南北戦争前のニューオーリンズは当時最大の奴隷売買市場であったそうで、裕福な家族が経営していた大きなプランテーション(農場)が今でもたくさん残っています。古い街並みと独特な雰囲気で魅力的なフレンチクオーターがあるニューオーリンズはアメリカの過奴隷制度に支えられて栄えてきた街という闇の部分もあるのです。
映画や小説などで触れる機会があったアメリカの奴隷制度ですが、自分の目でアメリカ史の暗黒部分をきちんと見ておきたいなと思いプランテーションを見学することにしました。
南部のプランテーション見学
夫は奴隷屋敷を見るのはイヤだと言って見学を拒否したので、ワンコたちとバンで留守番していてもらいました。
立ち寄ったのはサトウキビ栽培で栄えた一家のプランテーション、ローラプランテーション(Laura Plantation)。見学できる数あるプランテーションの中で、特に奴隷として使われていた人たちの個人史をきちんと残していこうという運動の中心的になっているところである、ということに賛同してここを選びました。
意外に質素なお屋敷
農場の経営者一家が住んでいたお屋敷は思っていたよりもこじんまりしていました。2階を大きなテラスがぐるりと囲でいるフレンチクオーターに多くある建物ととても良く似た建築で、色彩がとても鮮やかな外観です。

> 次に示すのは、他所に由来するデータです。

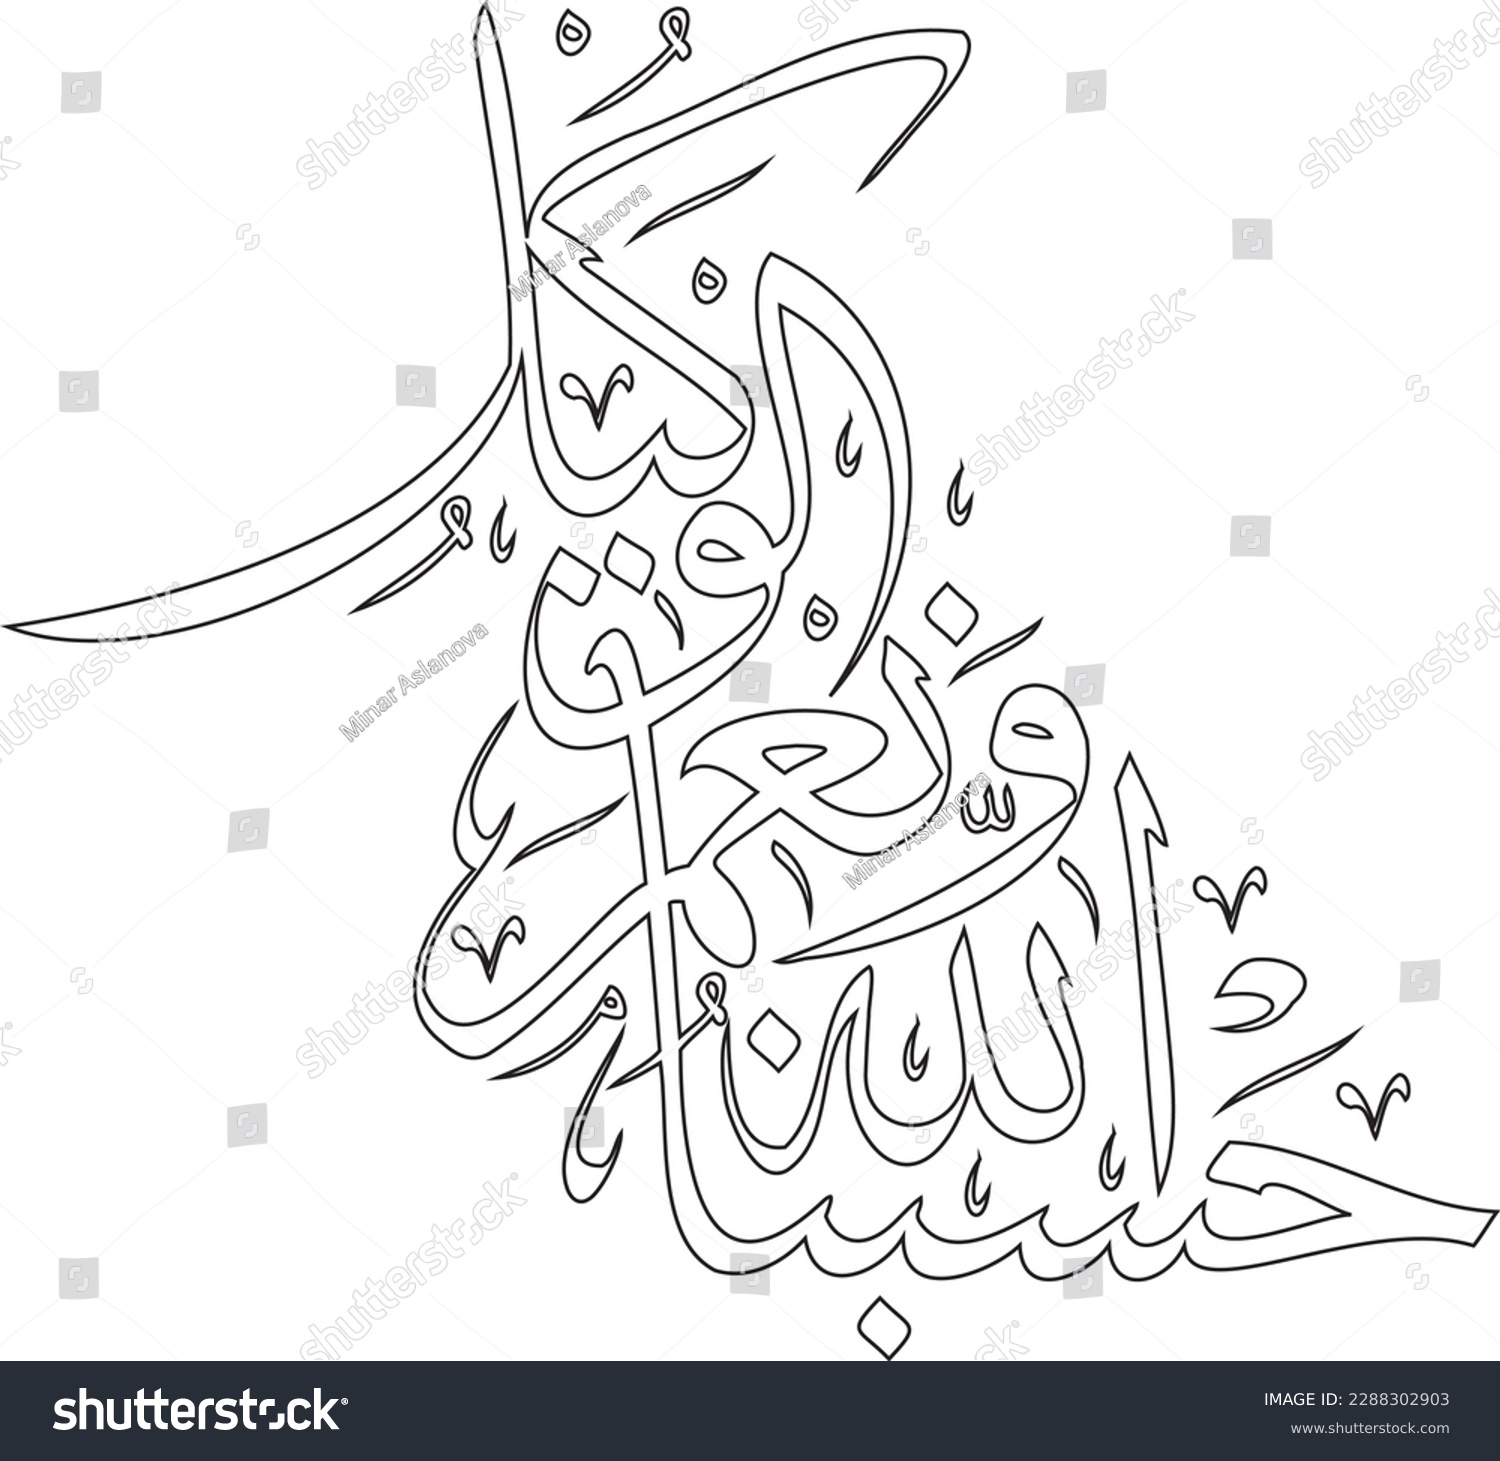 SVG of Arabic Calligraphy Art. Hasbunallah wa nimal Wakil (Sufficient for us is Allah, and [He is] the best Disposer of affairs). Islamic Calligraphy Vector svg

室内は2階にあるフォーマルダイニングルームと書斎が一般公開されていました。室内装飾は金銀でギラギラと飾られているところはなく、むしろ質素なインテリアで少し驚きました。農場経営でとても裕福だったはずなので、もっと飾り立てているのかなと想像していたのです。
奴隷として使われていた人たちの施設
農場の中には奴隷として使われていた人たちの住居やキッチンなどの施設が当時のまま保存されていました。朽ち果てた掘っ立て小屋はとても小さくボロボロで、ここに家族全員が住まわされていたそうです。
キッチンは別棟になっていましたが、キッチンとは名ばかりのみすぼらしい小屋でした。ルイジアナはハリケーンが襲ってくるところでもあるのですが、嵐の時などは一体どうやって食事を作っていたのだろうと思います。

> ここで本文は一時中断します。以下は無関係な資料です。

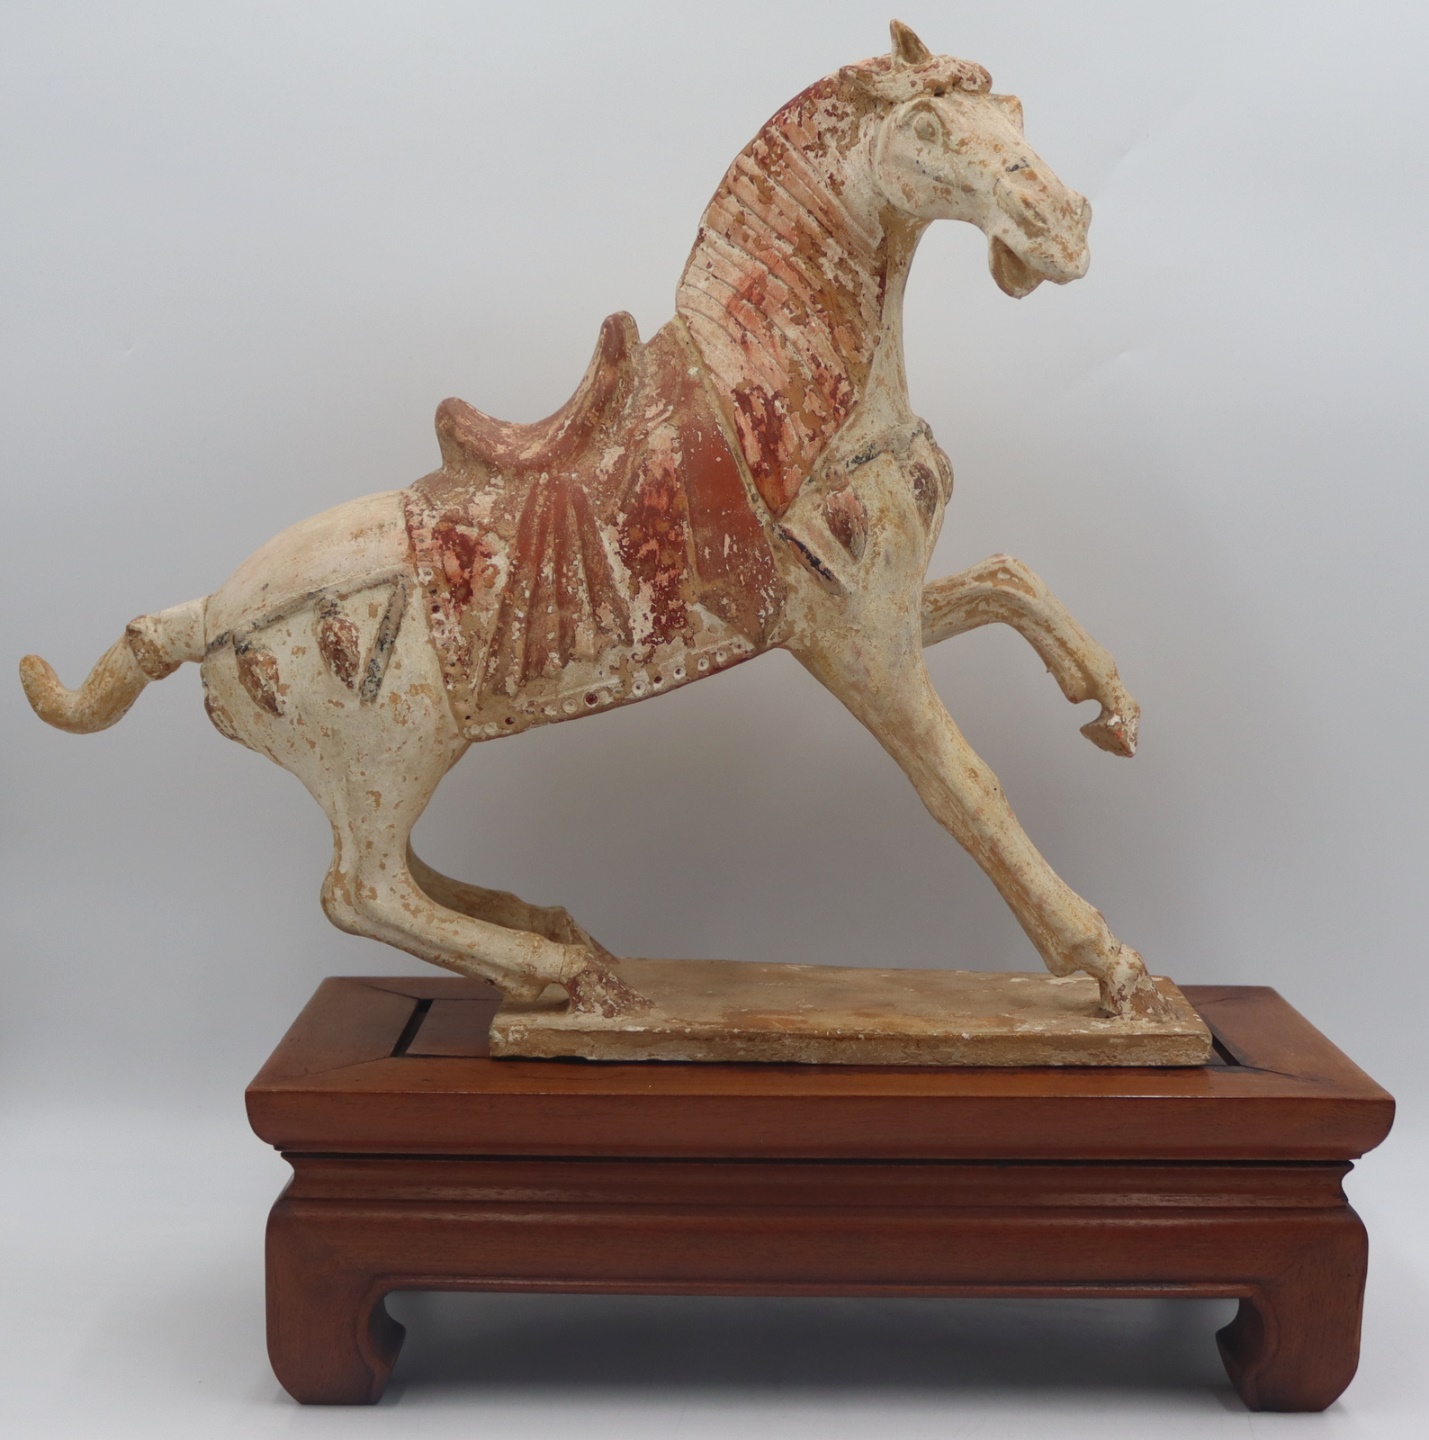 TANG STYLE HORSE ON A HARDWOOD 3bcf16

こんな貧相なところに押し込められて働かされてお給料ももらえず人間としても扱ってもらえない毎日を過ごさなければならなかった人たちのことを思うとやるせない気持ちになります。奴隷解放運動で解放された後も差別は続き、今でも人種問題は根深くそしてとてもセンシティブなトピックです。

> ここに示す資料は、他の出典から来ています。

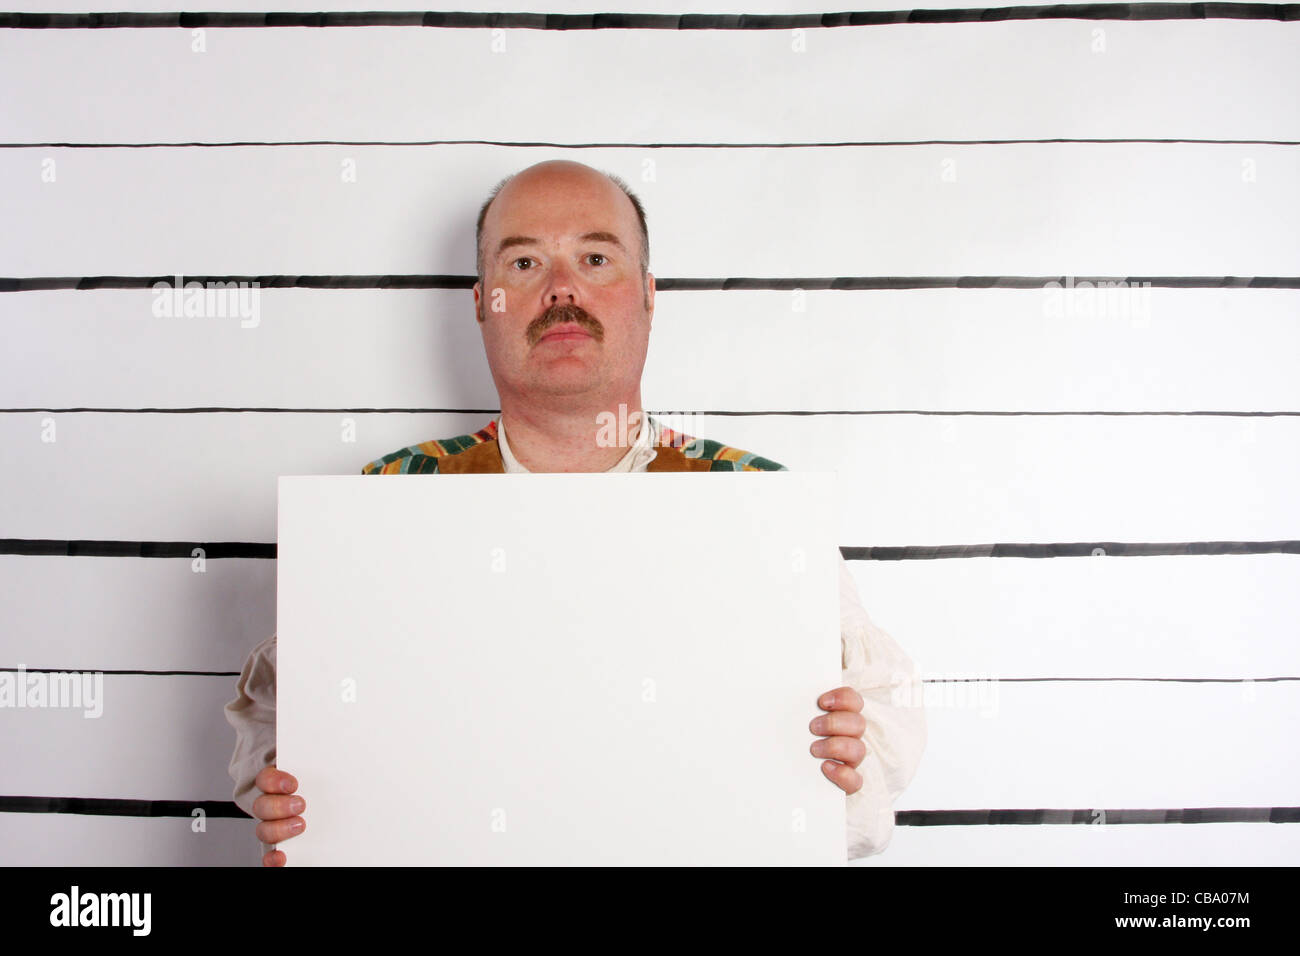 A prisoner holding a sign for a booking mugshot Stock Photo

プランテーションを見学して奴隷制度の姿をこの目で確かめることができたのはとても良かったと思っています。
ワンコたちオフリードで走り回る
ニューオーリンズの3日の滞在で、オンリードで街の中をひたすら歩くだけだったワンコたち。そろそろオフリードで思い切り走りたいよね?ということでドックパークを探してみました。
ちょうどよいドックパークは見つからなかったのですが、走るにはピッタリのアメフトのコートみたいなところを発見。柵もないし誰も使っていなかったのでドックパークとして使わせてもらいました。
1時間ちかくワンコたちを思う存分走らせましたが、その間誰もこなくてプライベートドックパークみたいでした!
この手の誰もいないフィールドってアメリカの田舎(結構都会でも)よくあってアメリカの広さを実感します。ドッグパークもかなりの確率であったうえ、このような空き地(または球技場?)もたくさんあったので、旅のあいだワンコをオフリードで走らせる場所に困ることはあまりなかったです。
ニューオーリンズから北上するルートに決定
密度の濃いニューオーリンズでの3日間のあとはどこへ行こうか?行き当たりばったりだったので行く先々でスケジュールや滞在先が決まっていきます。
ニューオーリンズから引き続き東に進めばフロリダに到着します。ここからフロリダの大西洋側の街までは約850キロ、ここまで行けばアメリカ大陸を太平洋側から大西洋側まで横断したことになります。
フロリダまで行って大陸横断を達成するかどうか悩みましたが、時間が足りなすぎる。行き当たりばったりの旅ですが、仕事に戻る日にちは決まっているので往路にかかる時間も計算しなくてはなりません。フロリダまで行って速攻で折り返し帰ってくるのでは楽しくないよね?ということで、フロリダまで行くのは断念しました。代わりにニューオーリンズから北上してアメリカ大陸の真ん中あたりを西に向かって通過しながらカリフォルニアへ帰るルートを取ることにしました。